> [Given information]
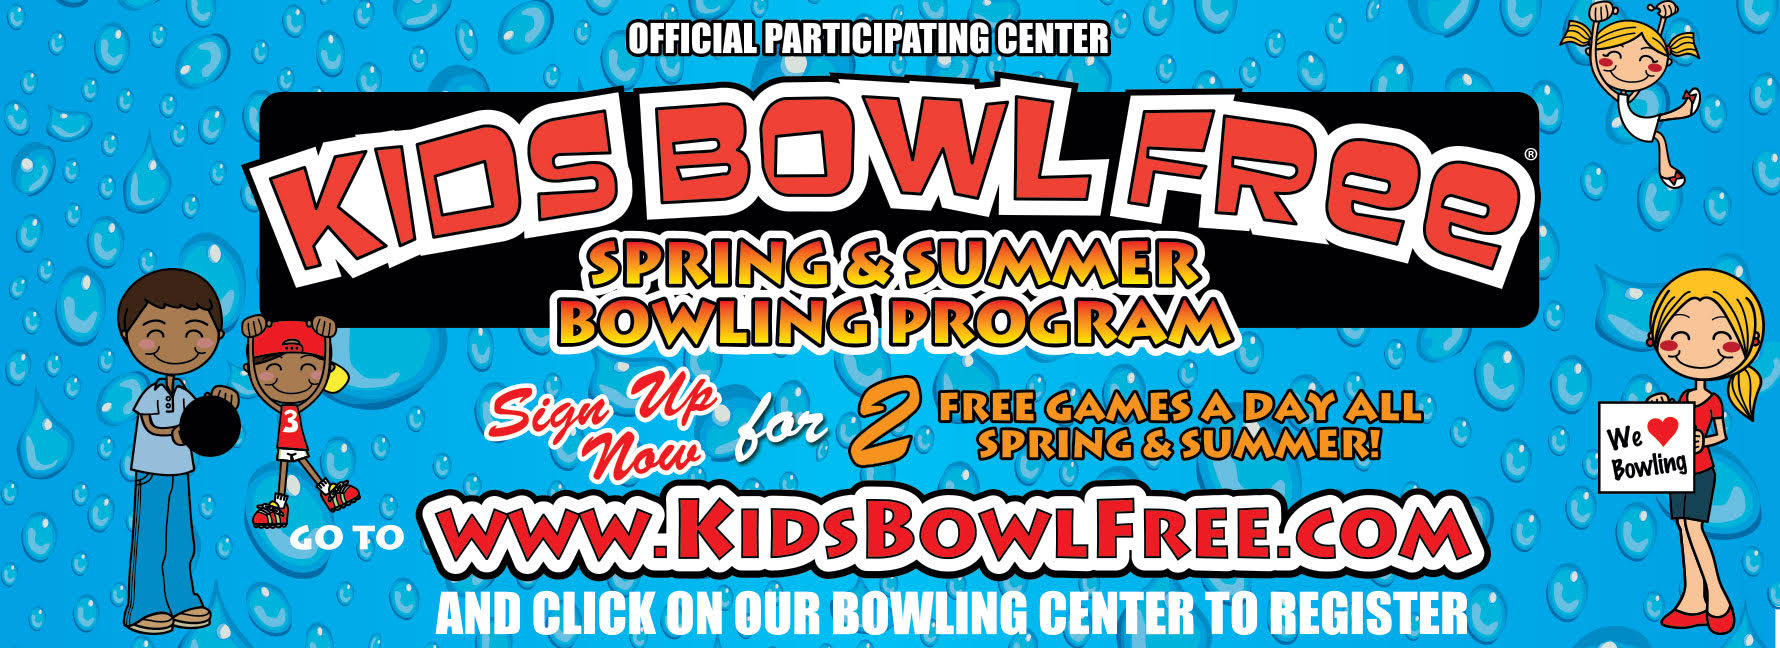 Kids Bowl Free Colony Park Lanes
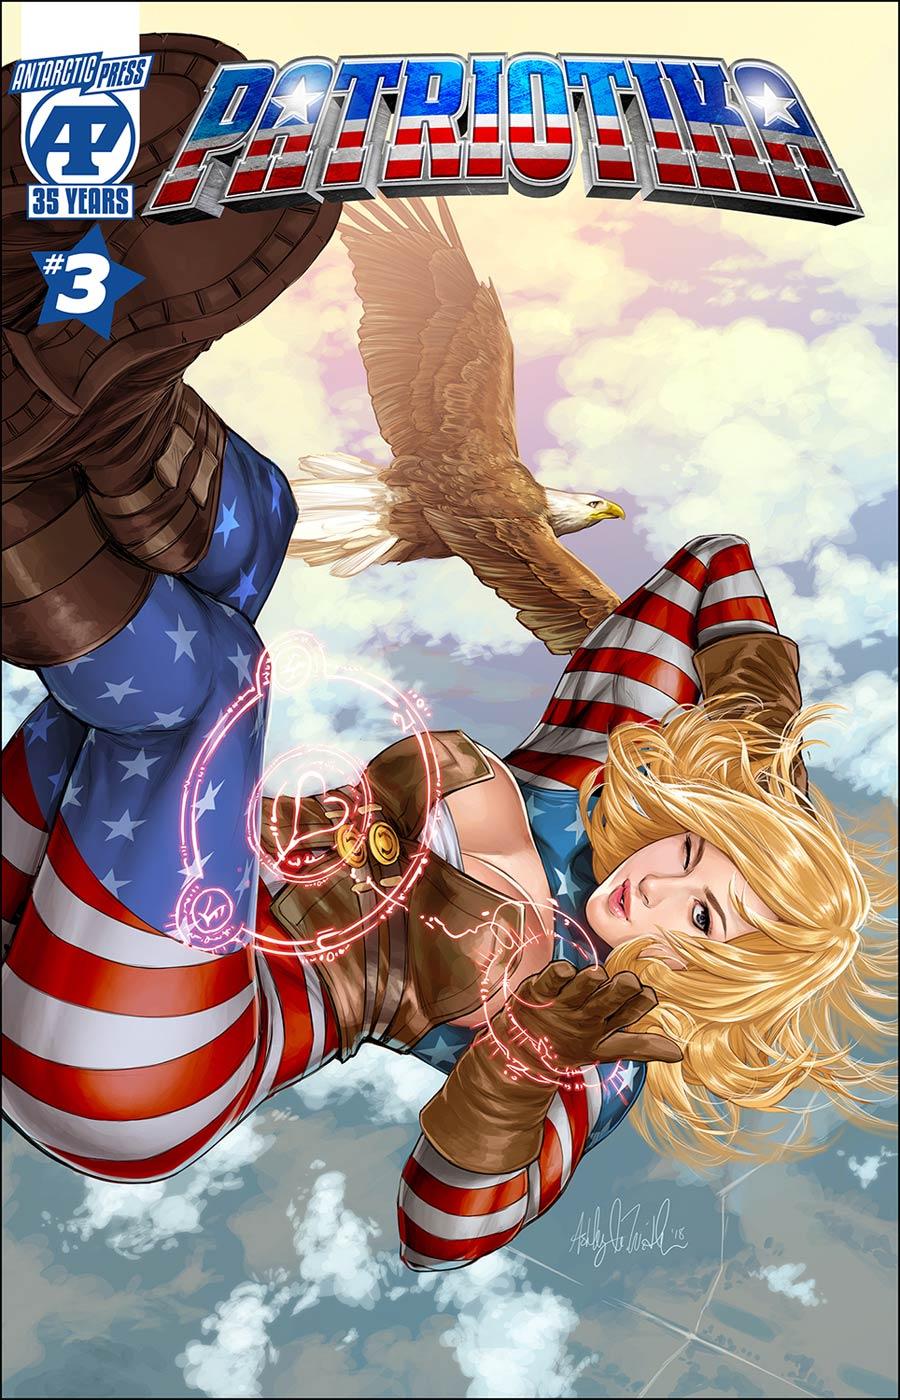 Patriotika #3 Cover A Regular Chuck Art Cover
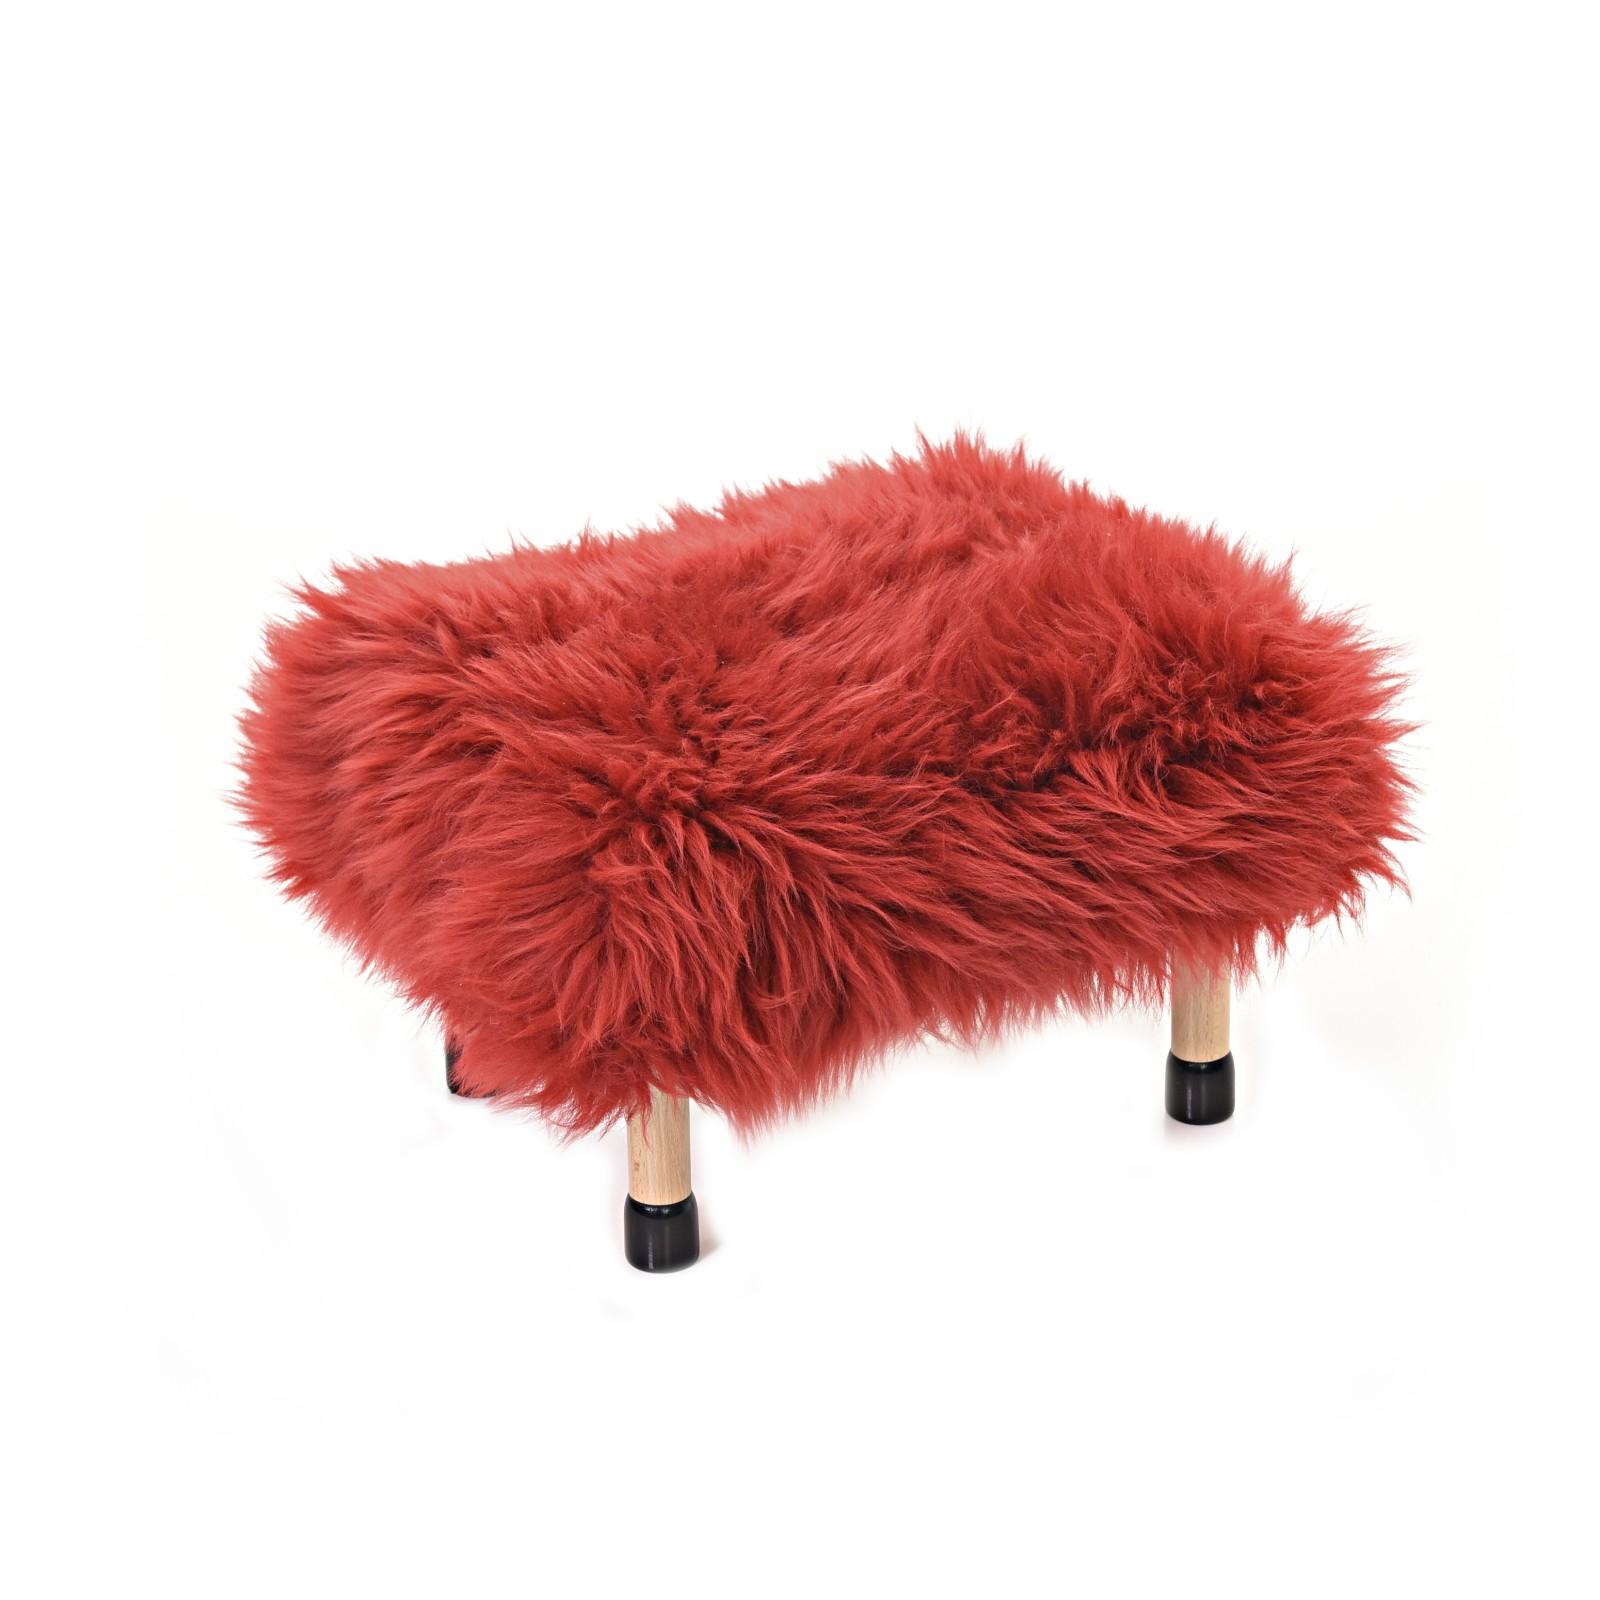 Nia - Sheepskin Footstool Dragon Red

> [Assignment] Output the data above exactly, excluding images.

> [Result of this task]
 Kids Bowl Free Colony Park Lanes
 Patriotika #3 Cover A Regular Chuck Art Cover
 Nia - Sheepskin Footstool Dragon Red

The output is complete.